Winter 1999, Volume 16.2

Essay

photo of Judy Brenneman.

Judy Fort Brenneman

When You Stop Counting

 Judy Fort Brenneman, from Fort Collins, Colorado, is a writer and consultant in business communications as well as a mom and fiction/essay writer. Her story "Interior Design" won first place in MileHiCon’s Stories from the Great Unknowns contest. She is an alumna of the Desert Writers Workshop, Moab, Utah, and a graduate of Case Western Reserve University.



The first time you go, you’re a little scared, a little nervous, but excited, too, kind of like your very first day of school, when you wore new shoes and a new dress and your mom took extra time in the morning to make sure you ate all your breakfast and told you that you looked just fine and held your hand while she walked you to the bus.

When you get there, you sit on the tiny chair, your grown-up knees bent up to your waist or higher. You and the teacher smile at each other across your knees, across the blond formica tabletop where folders and samples of work are stacked.

You listen as the teacher tells you things about your child you thought you already knew. Things you thought were just growing up things, adjusting to school things. Things you thought were normal.

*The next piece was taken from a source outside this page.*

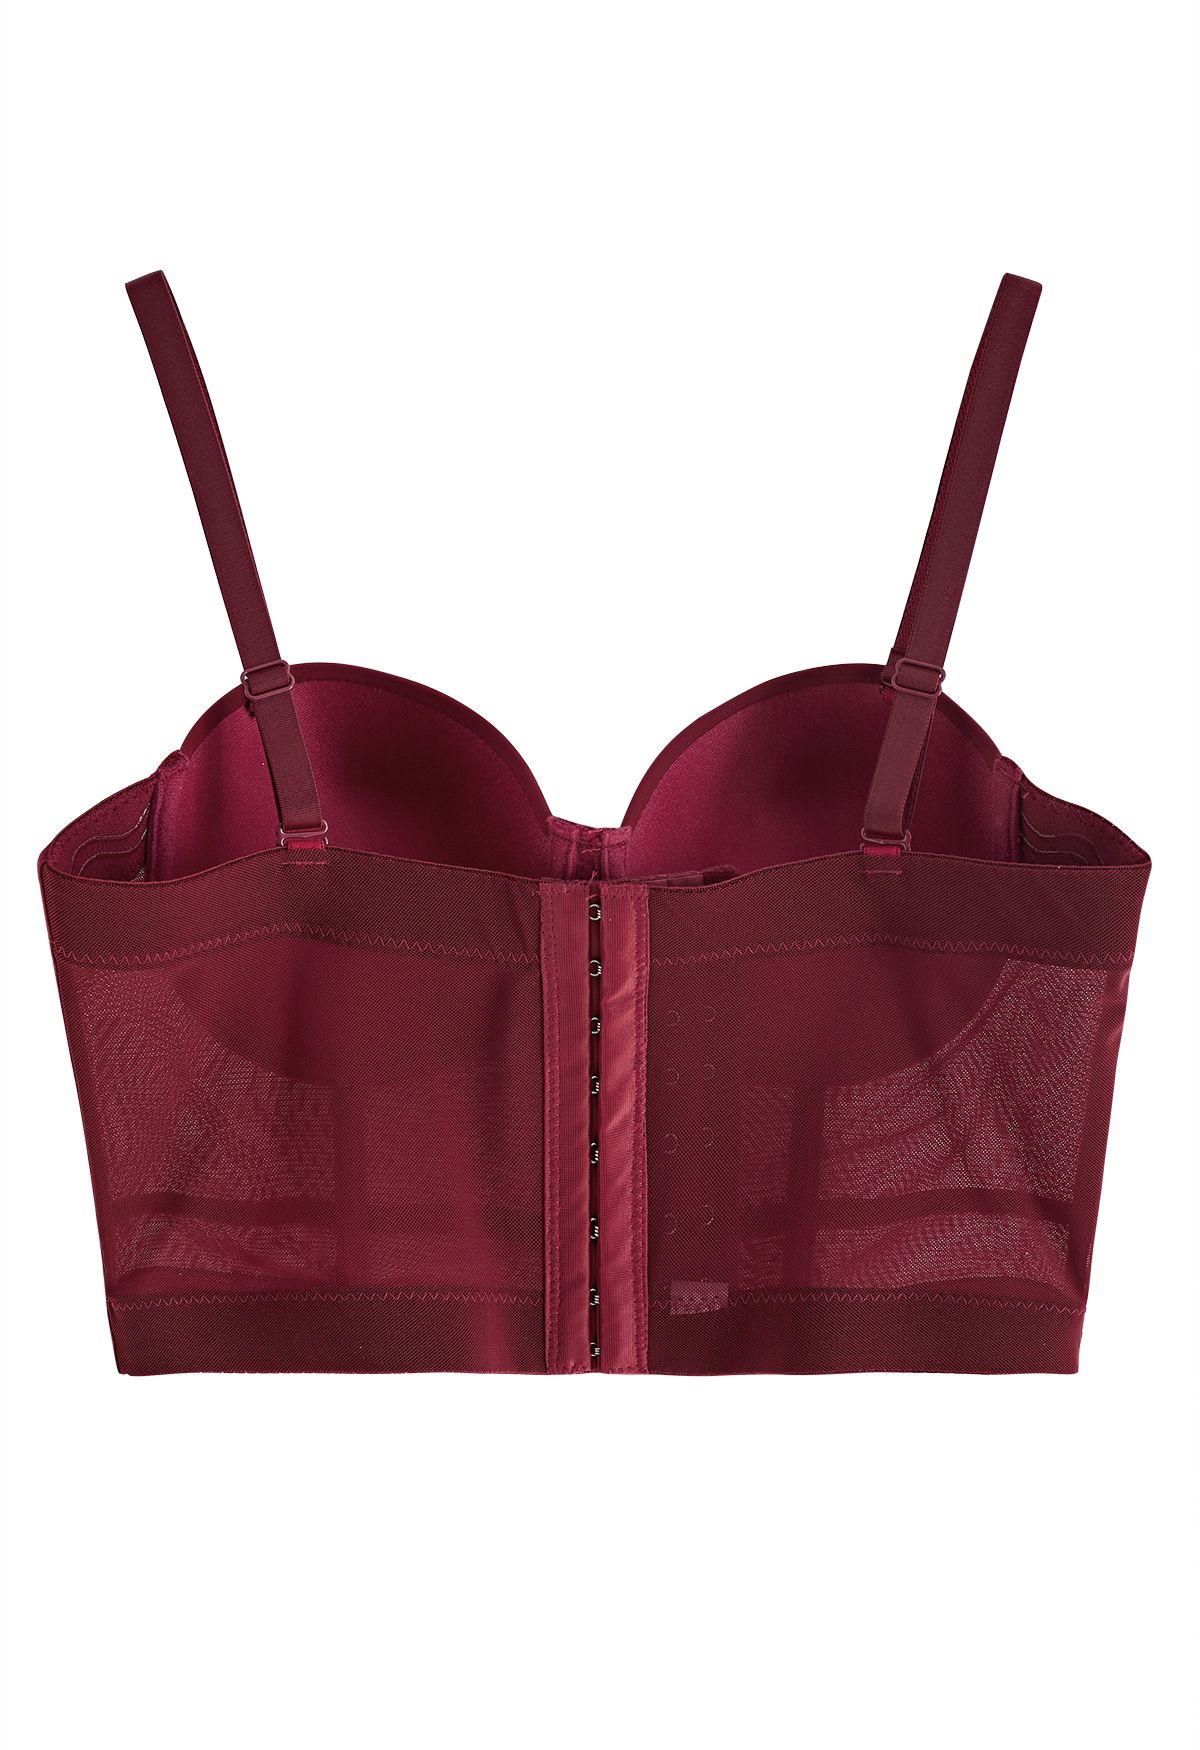 Burgundy Lined Elastic Lace Bandeau Top, Strapless Bra

When you hear the teacher say that your child loves to play with Legos, you smile. You smile because this is something you know, something you take pride in, because he’s only five and already he’s building ships and planes and castles with strange names and none of the other five-year-olds you’ve met can do that. You listen as the teacher says Legos, yes, and he plays with them longer than any of the other children, but gets up-set when it’s time to do something else, when it’s time to put the Legos away. You watch her say the word up-set, noticing how the space between her eyebrows wrinkles. You pull out your daytimer to use like a notebook, jotting down "Lego’s, upset," to show the teacher that you’re listening. You look up from your daytimer and smile, pen poised above the small striped pages.

The teacher rests her hand on the work folders and taps the stack with her forefinger. Her fingernail makes little tap-tap-tap sounds. When he gets up-set, she says, emphasizing the word with an extra tap, he gets very angry. This, too, is something you already know. You nod your head, sympathetic to her problem. You tell her the things you do at home to ease the transition from one task to the next, to circumvent the temper tantrums.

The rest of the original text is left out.